We need to print number (for simplicities sake, ONE digit numbers) so we need to make sure we have the ASCII values of it, in memory (ASCII of 0 is 48, 1 is 49 and so on..).
If you look at the C code, we will need keep count of the number of items we have remaining to print. And then we need two locations to store previous and current values of the sequence. A very important thing to remember is that all memory is initialized to 0 at the start and we are relying on this for it to work. Also, the looping statements compare the memory location currently being referred (where your current pointer is) to against 0 and if it is true it breaks otherwise loops.

Writing a simple pseudocode (in terms of only Brainf*k) :

Initialize a location A to 32
Initialize a location B to 48
Initialize a location C to 5
Initialize a location D and E to 1.
Set current Location to C.
Start a Loop
Add B to E and F.
Print E.
Subtract B from E
Add D to E and F
Copy E to D
Copy F to E
Reduce C by 1 and Set it as the current location
End Loop


Basically, it was very easy to write this pseudocode. The issue with Braninf*k is that it does not have a COPY instruction for us to use, and so we need to use a looping statement to copy data. But the problem is that to ensure that the loop is executed the correct number of times, we will need to destroy the original value. To get around this, we always update two locations (one where we need it to be copied and the other a temporary!) and then we copy back from the temporary which also destroys it!

Also the A,B,C,D,E and F are all contiguous in memory and so I am using a[0],a[1]…a[6] to refer to them in the code !

Here is the final version.

++++++++[>++++>++++++<<-]>>>++++++>+>+<<-[<[>>>+>+<<<<-]>>>.<<<<.>>>>>[<-<<<+>>>>-]<[>+>+<<-]<[>>>+<<<-]>>[<<+>>-]>[<<+>>-]<<<<-]


To make sense of it I have divided it into parts. Some parts have not been commented and are left as an exercise for you to figure out ( I know I am mean 😉 ).
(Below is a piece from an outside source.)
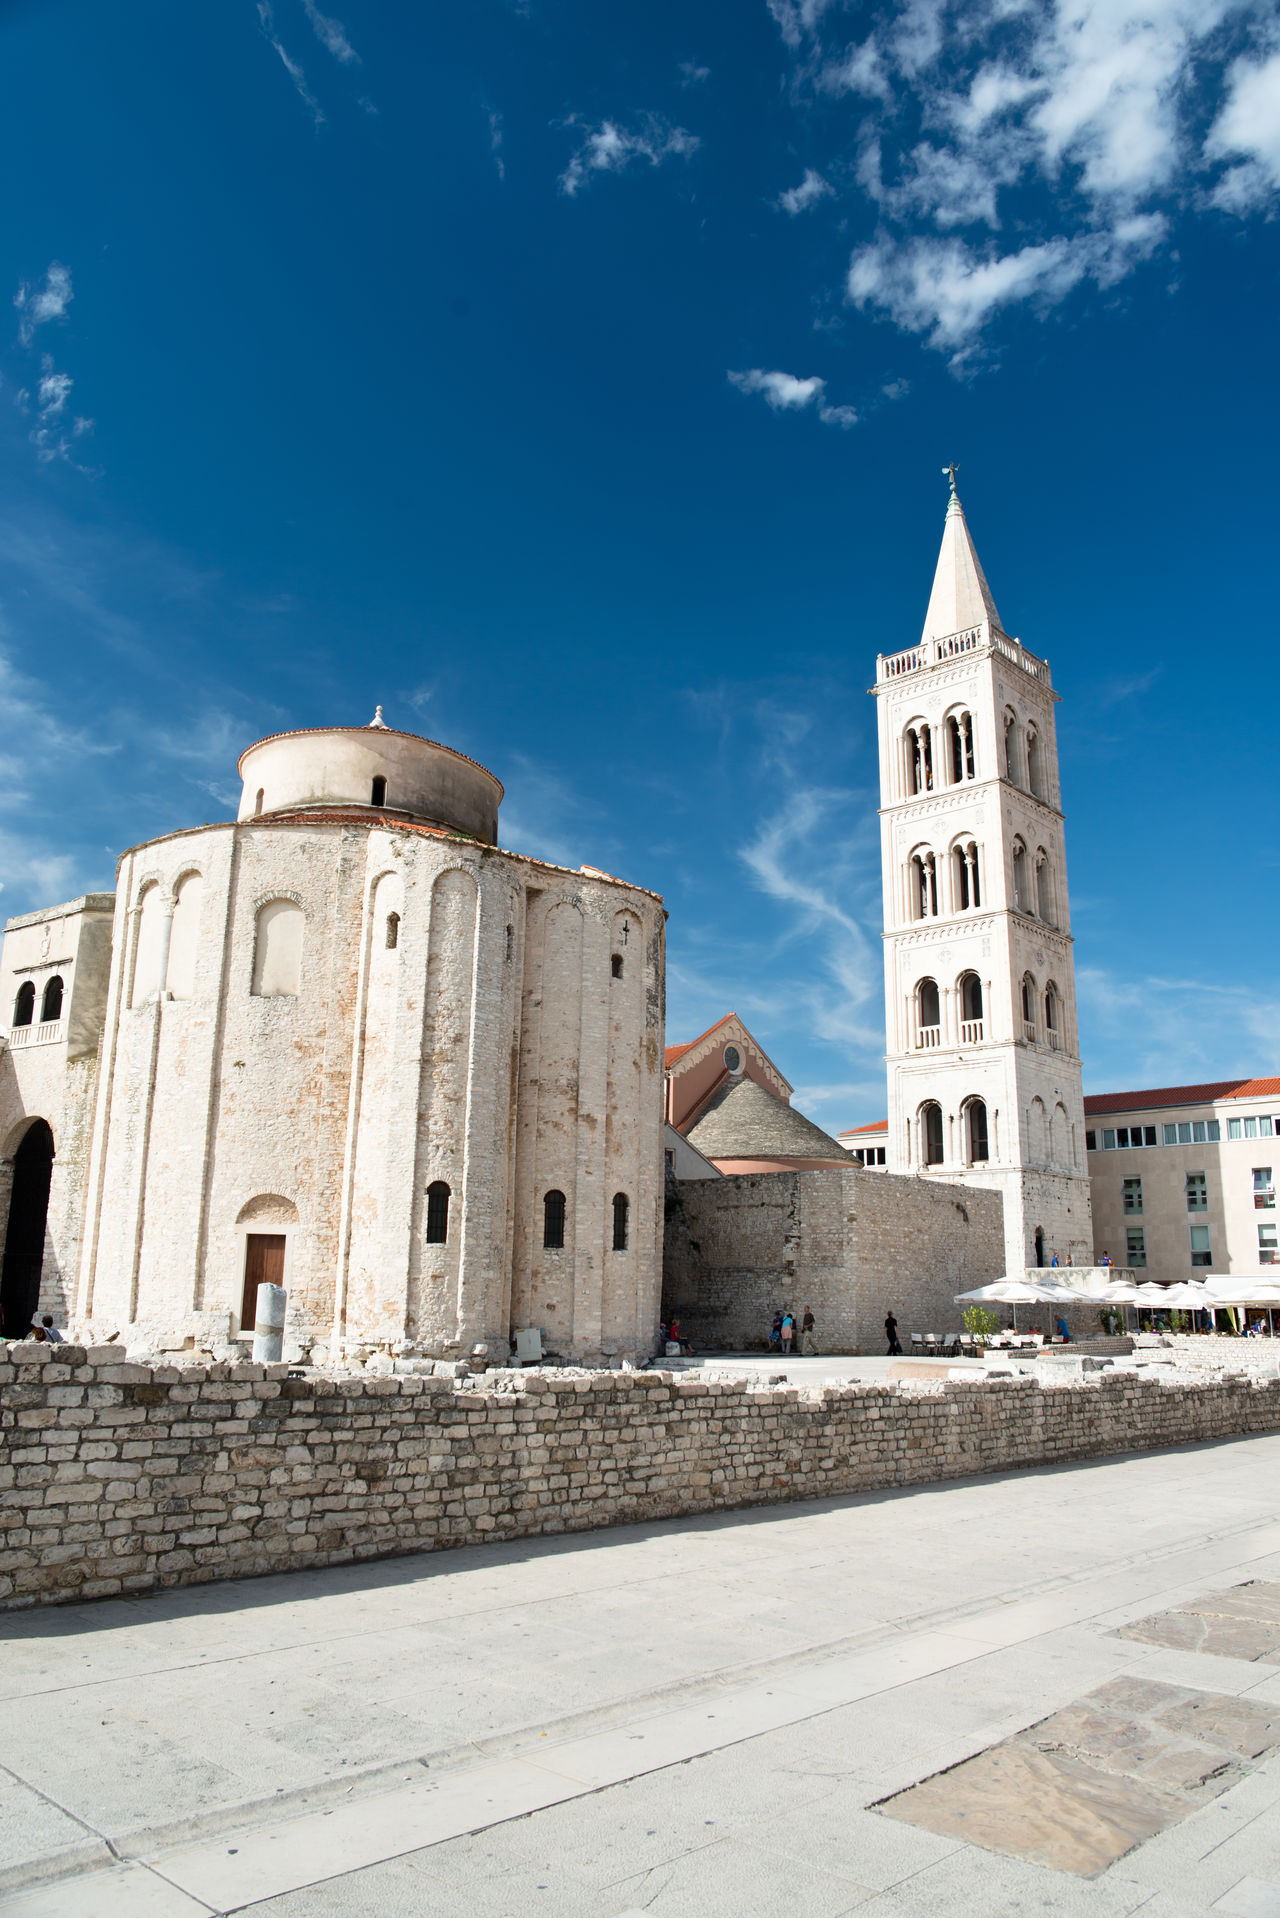 Architecture Building Exterior Built Structure Croatia Croatia ♡ Croatia ❤ History Outdoors Place Of Worship Tower Travel Destinations Zadar,Croatia

++++++++[>++++>++++++<<-] //32 48
>>>++++++ //6
>+>+<<- //Set first two values to 1 and reduce the number of terms to be printed to 5.
[
<[>>>+>+<<<<-]
>>>.//print the number
<<<<.//print space
>>>>>[<-<<<+>>>>-]
<[>+>+<<-]
<[>>>+<<<-]
>>[<<+>>-]//copy from a[6] to a[4]
>[<<+>>-]//copy from a[7] to a[5]
<<<<-//decrement the value
]


All right. Pretty cool huh! Well as a real mind-boggler you can try making it print N numbers (dont worry about printing it right, just print out the actual value encoded by ascii ).

You could use it to even encrypt messages in a really wierd way. Oh almost forgot. To run your Brainf*k programs use the following website. They have an online interpreter and a debugger of sorts too : www.brainfk.tk

I hope you liked your Christmas Present ;-). Merry Christmas and a Happy New Year… Ho oh ho 😛